* Exercise directions *
Your copy should begin with the line containing "Auf Kill ‘Em", end with the line containing "Zdjęcie kolorowe. Grupa", match the listing below exactly, and contain no pictures.

* Data *
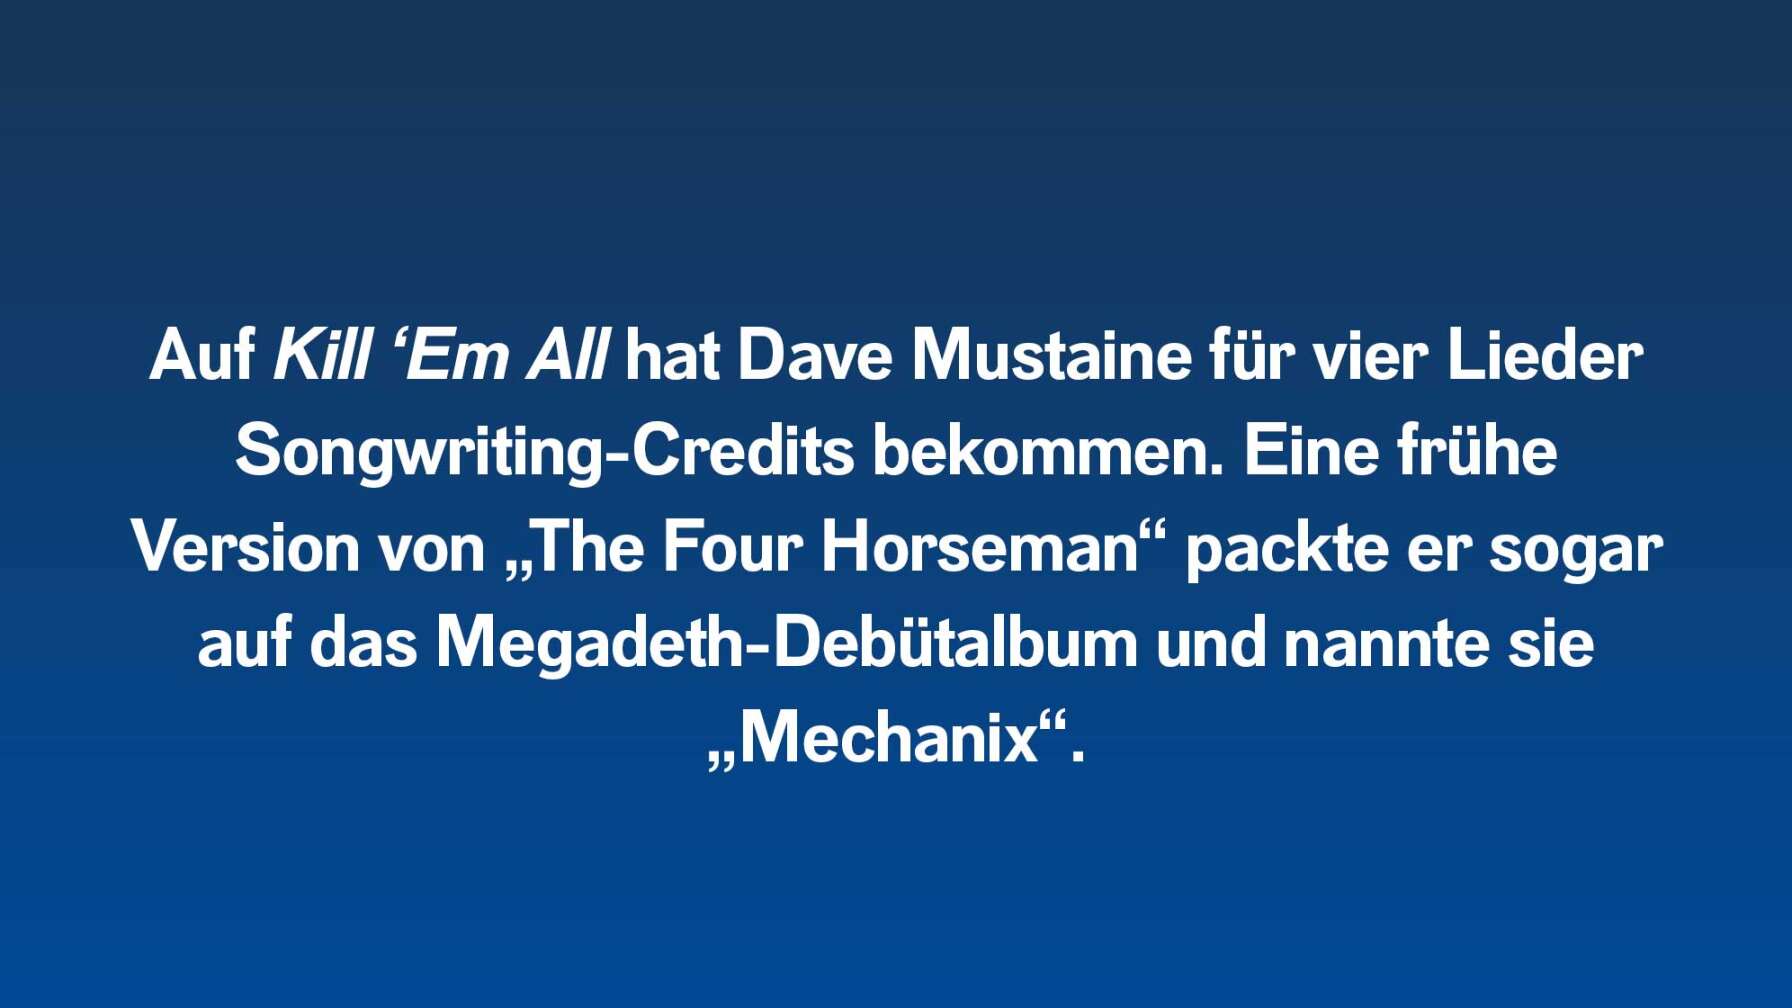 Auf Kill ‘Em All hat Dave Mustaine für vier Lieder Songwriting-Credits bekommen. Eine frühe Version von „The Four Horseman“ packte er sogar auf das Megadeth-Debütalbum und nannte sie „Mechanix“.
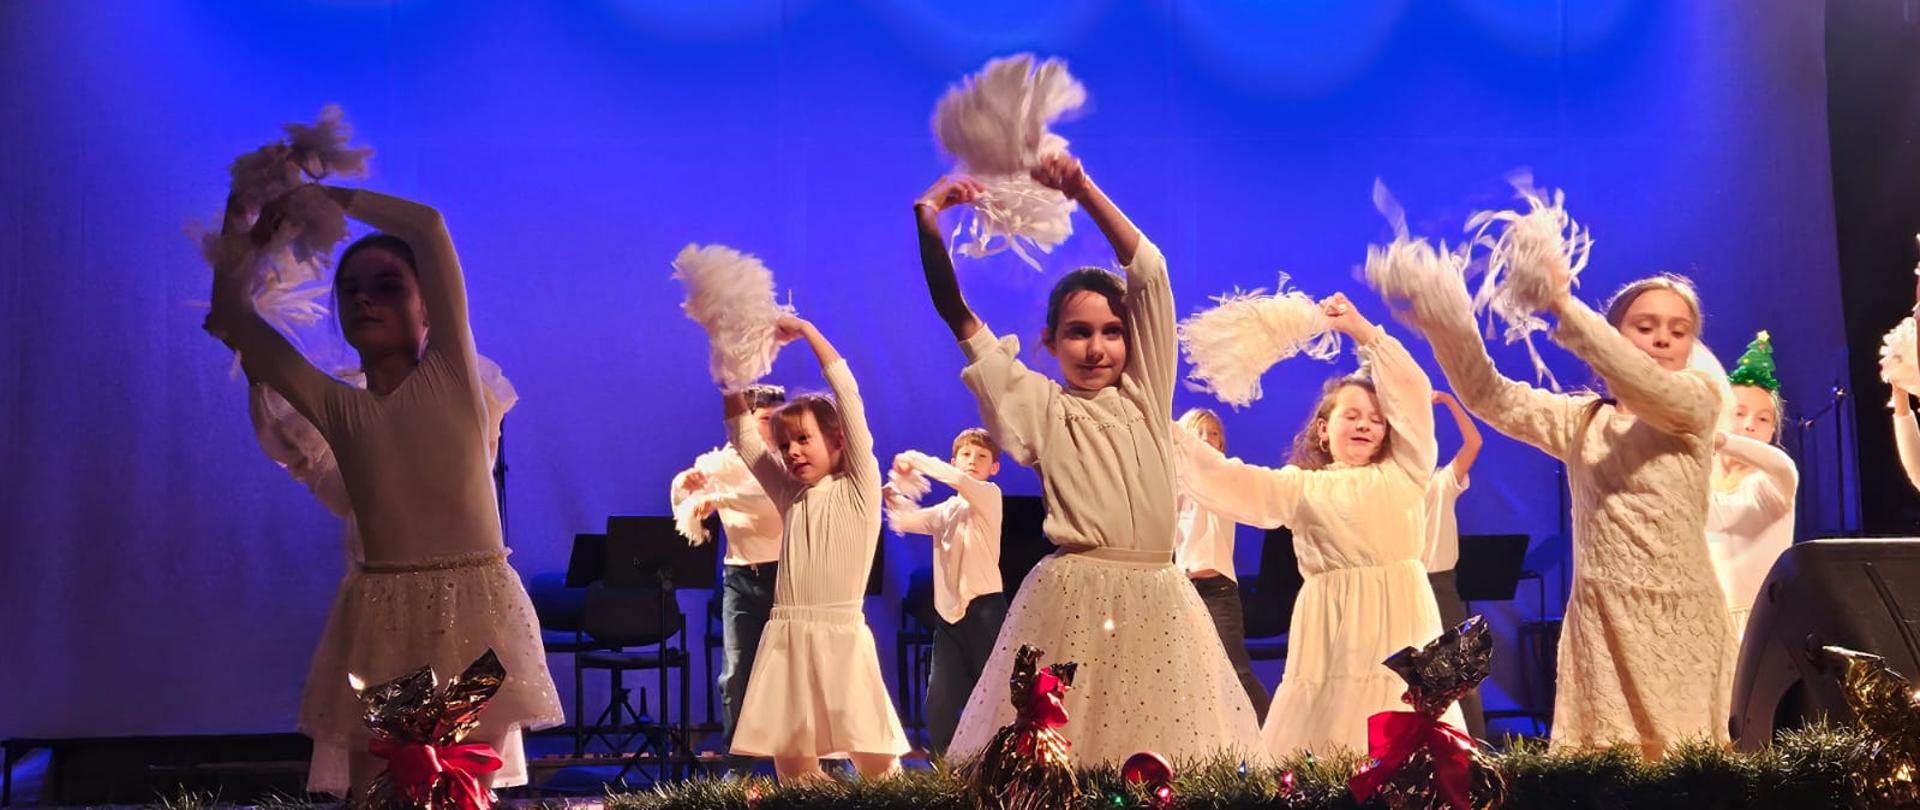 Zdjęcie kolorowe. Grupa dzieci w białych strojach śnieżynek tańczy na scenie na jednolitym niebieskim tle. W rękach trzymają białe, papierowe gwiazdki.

...

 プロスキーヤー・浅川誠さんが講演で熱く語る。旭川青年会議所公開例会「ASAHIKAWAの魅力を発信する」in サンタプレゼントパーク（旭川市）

* * *

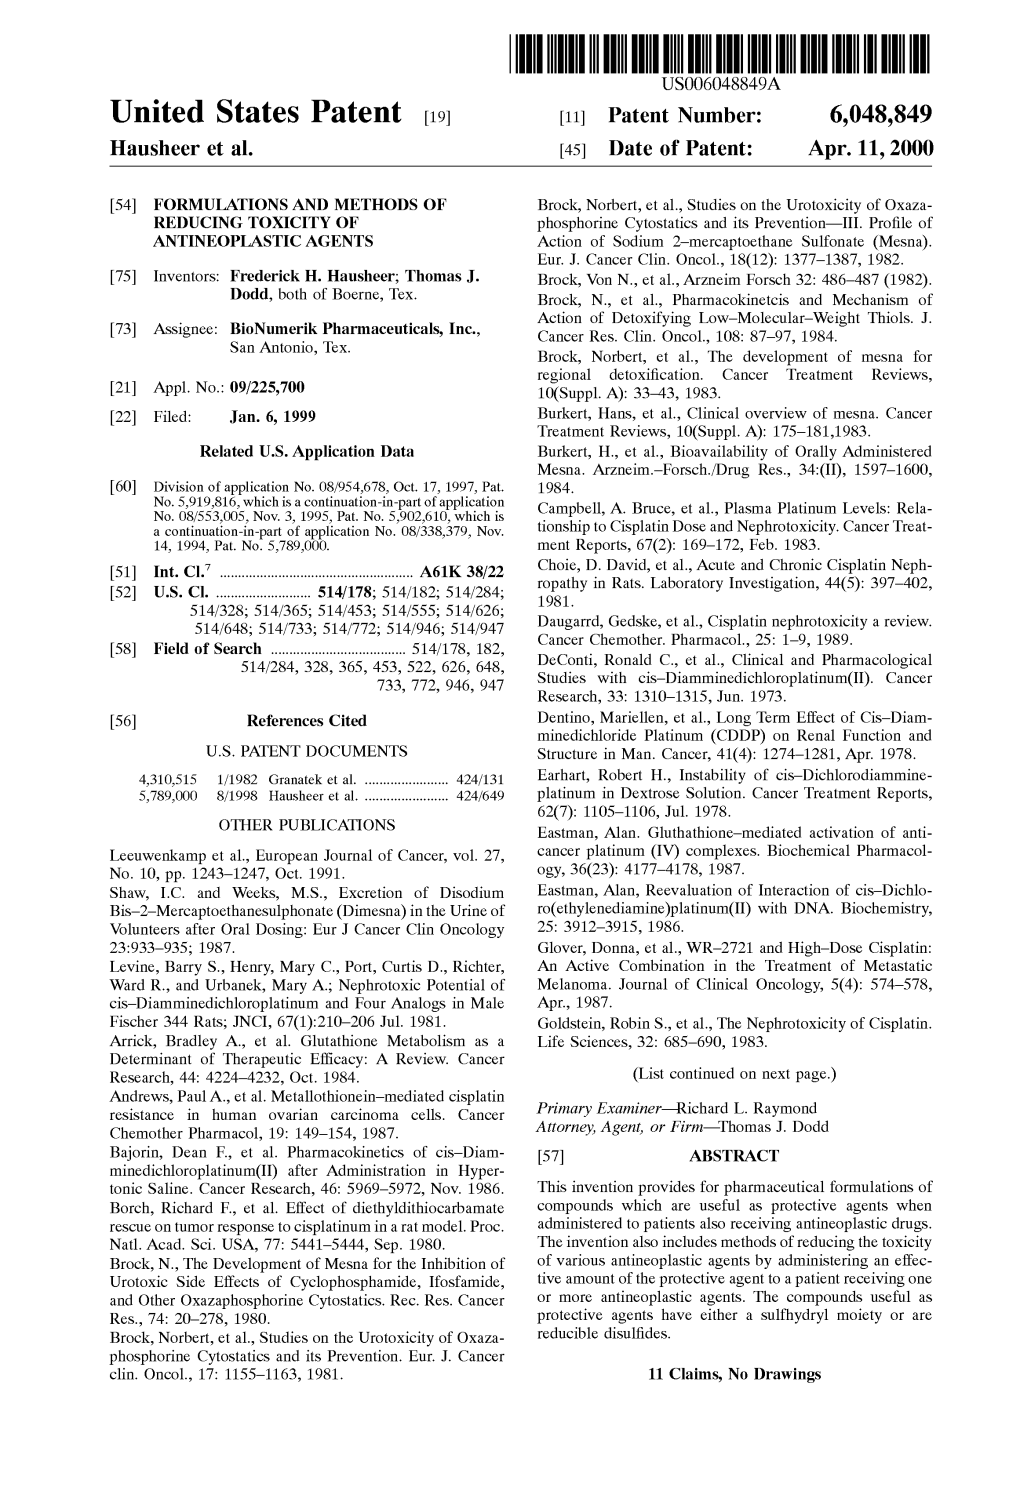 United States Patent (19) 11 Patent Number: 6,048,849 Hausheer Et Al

* Your response *
 Auf Kill ‘Em All hat Dave Mustaine für vier Lieder Songwriting-Credits bekommen. Eine frühe Version von „The Four Horseman“ packte er sogar auf das Megadeth-Debütalbum und nannte sie „Mechanix“.
 Zdjęcie kolorowe. Grupa dzieci w białych strojach śnieżynek tańczy na scenie na jednolitym niebieskim tle. W rękach trzymają białe, papierowe gwiazdki.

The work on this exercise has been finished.